O show caminhou para o encerramento com “Mil Acasos” (2006), “Ali” (2000), “Simplesmente” (2020), lançada especialmente para a turnê e “O Beijo e a Reza” (1994). Samuel recordou ainda que, no começo da carreira, existia a máxima de que banda mineira deveria fazer sucesso primeiro em São Paulo e Rio de Janeiro. “O Skank não, a gente fez sucesso aqui primeiro”. Foi a deixa para relembrar os hits do primeiro disco: “Baixada News” e “Tanto”.

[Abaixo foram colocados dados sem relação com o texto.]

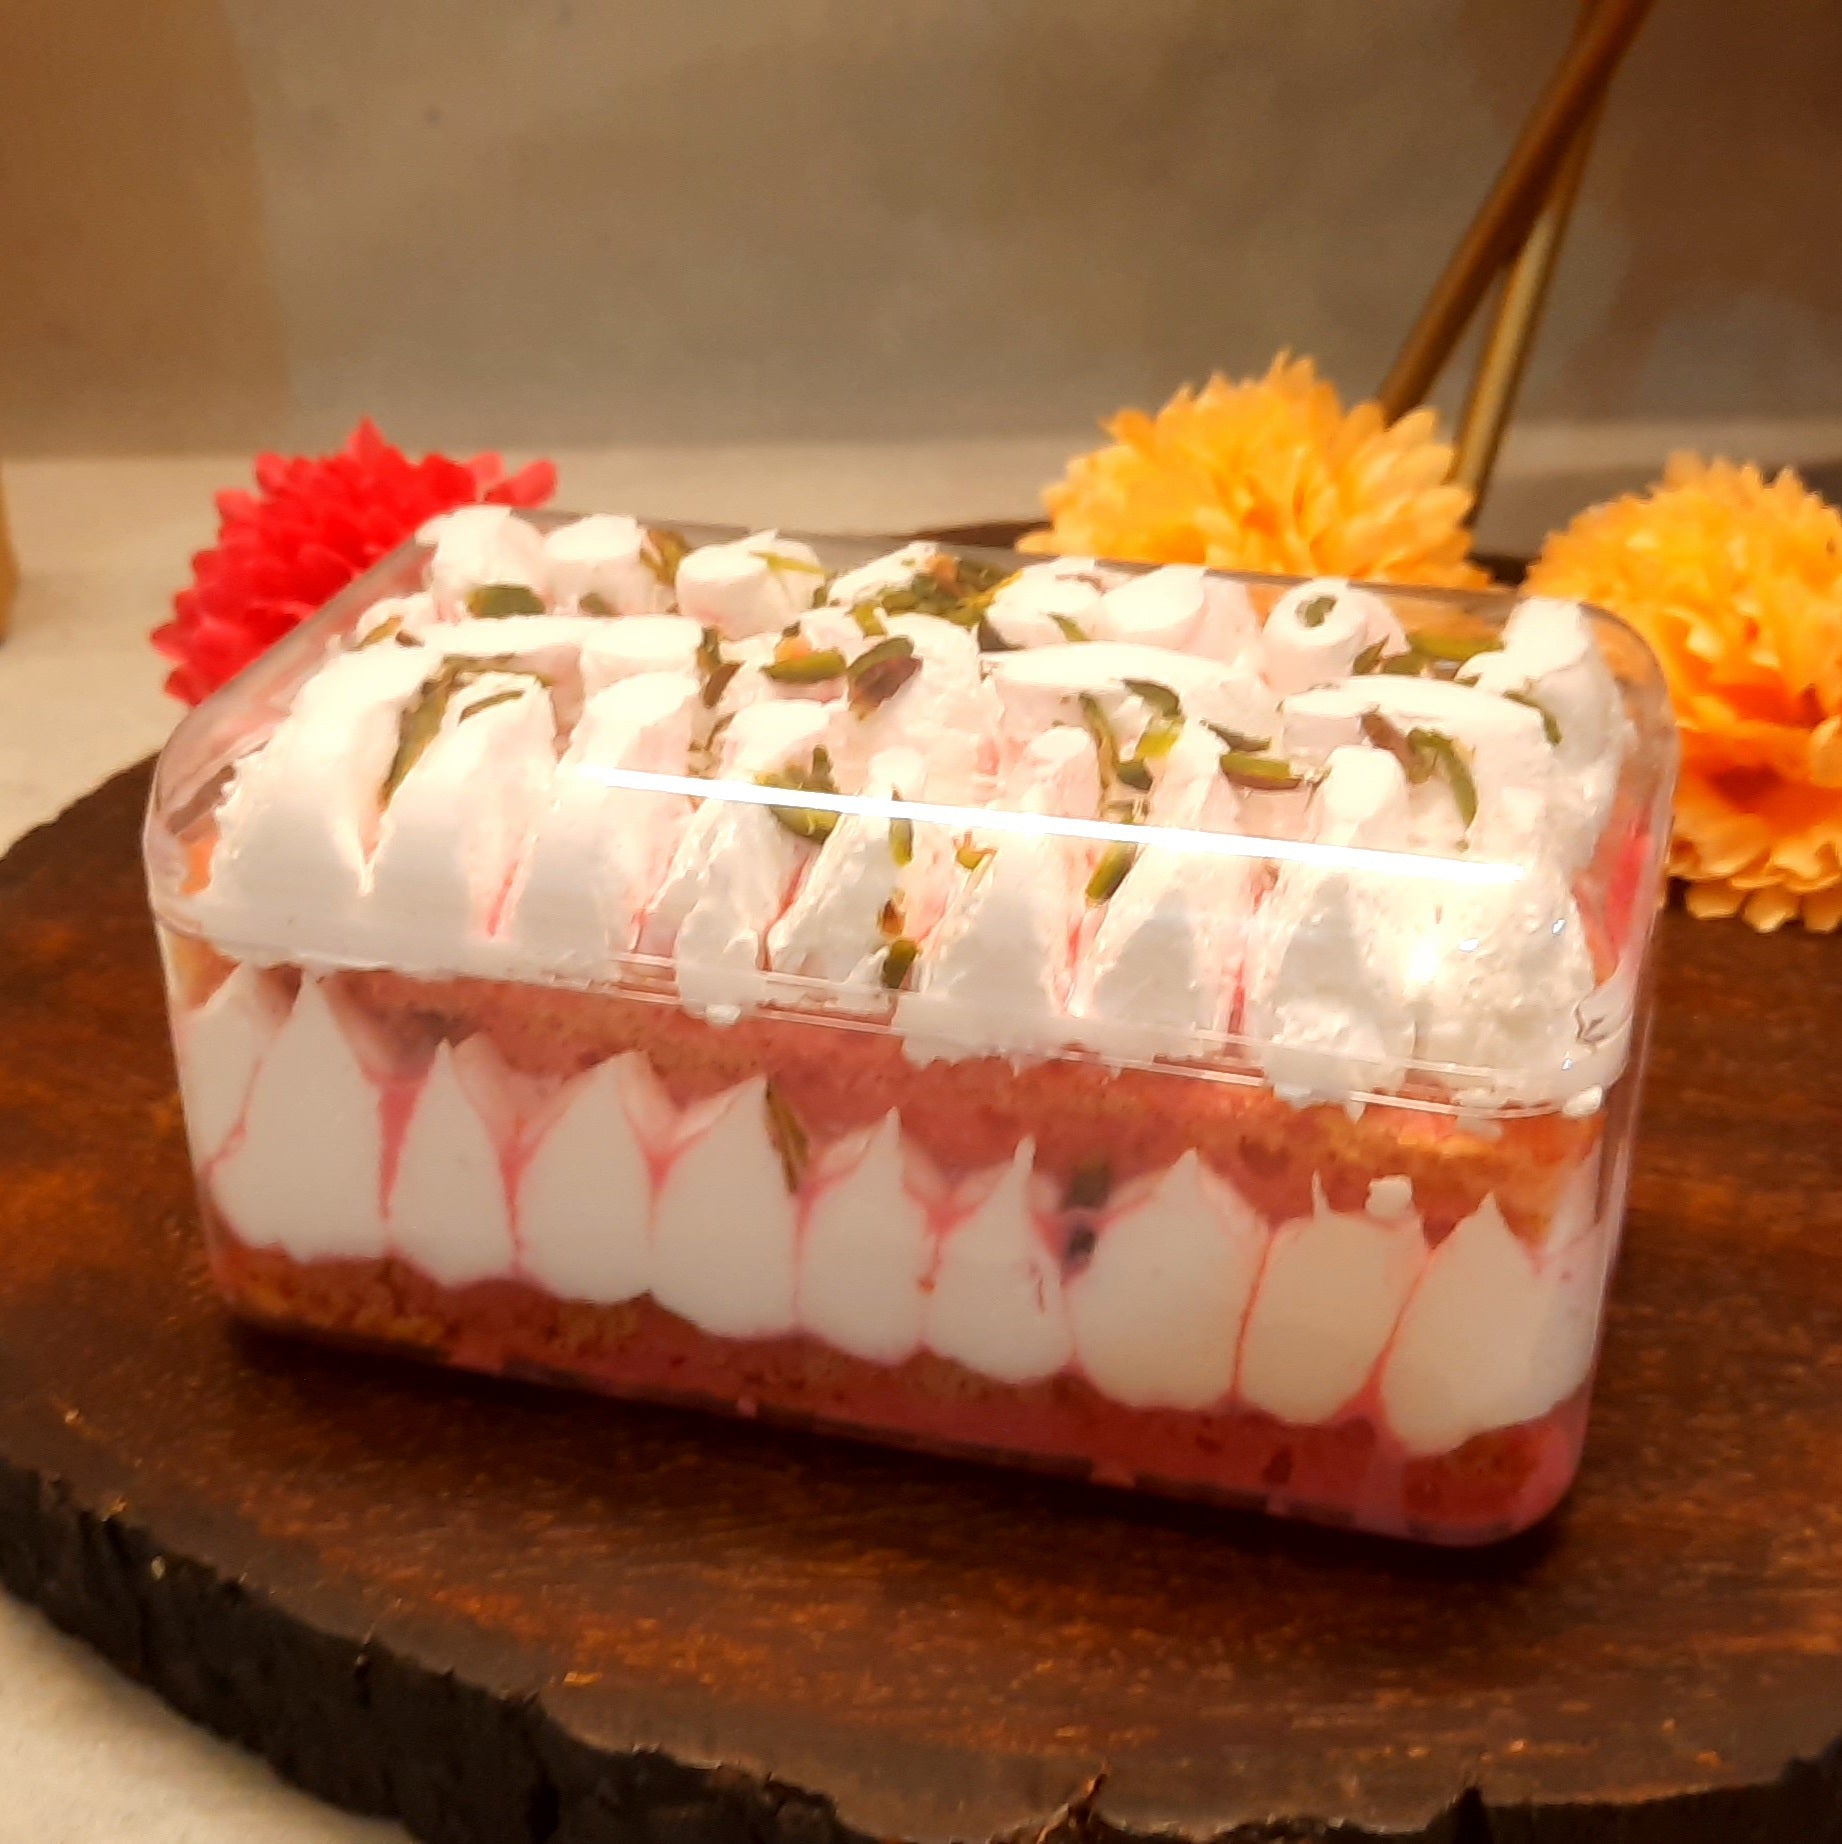 Rose & Pistachio Dessert Tub

Antes do encerramento, o vocalista explicou que precisariam repetir duas músicas por ocasião das gravações – fato até comum em shows que rendem DVD. A plateia, que já tinha curtido 3h de show, naturalmente, não se opôs. “Finjam que estão ouvindo pela primeira vez!”, brincou. As regravadas foram “Sutilmente” e “Mil Acasos”.

Antes que o final do show chegasse o Mineirão entoou o canto de “Eu não vou embora” na melodia de “Seven Nation Army”, emocionando mais uma vez os músicos no palco. O espetáculo encerrou com “Tão Seu” (“O Samba Poconé”, 1996) e sem maiores cerimônias. Os quatro se dirigiram à beira do palco e saudaram a multidão que ovacionou e gritou o nome da banda por minutos a fio.

Como disse o próprio Samuel, o Skank encerra as atividades, mas permanece no coração e na memória dos brasileiros. A banda deixa seu grande acervo e um indefectível legado na música popular brasileira. Fica aquela sensação de que a banda a qualquer hora pode estar de volta. E é bem provável que aconteça. Mas tem um lado ótimo deste episódio que é o de podermos assistir, a partir de agora, o potencial criativo de Samuel, Haroldo, Henrique e Lelo em um lugar diferente.

Que venham novas músicas, novas parcerias e novas boas histórias! Viva o Skank!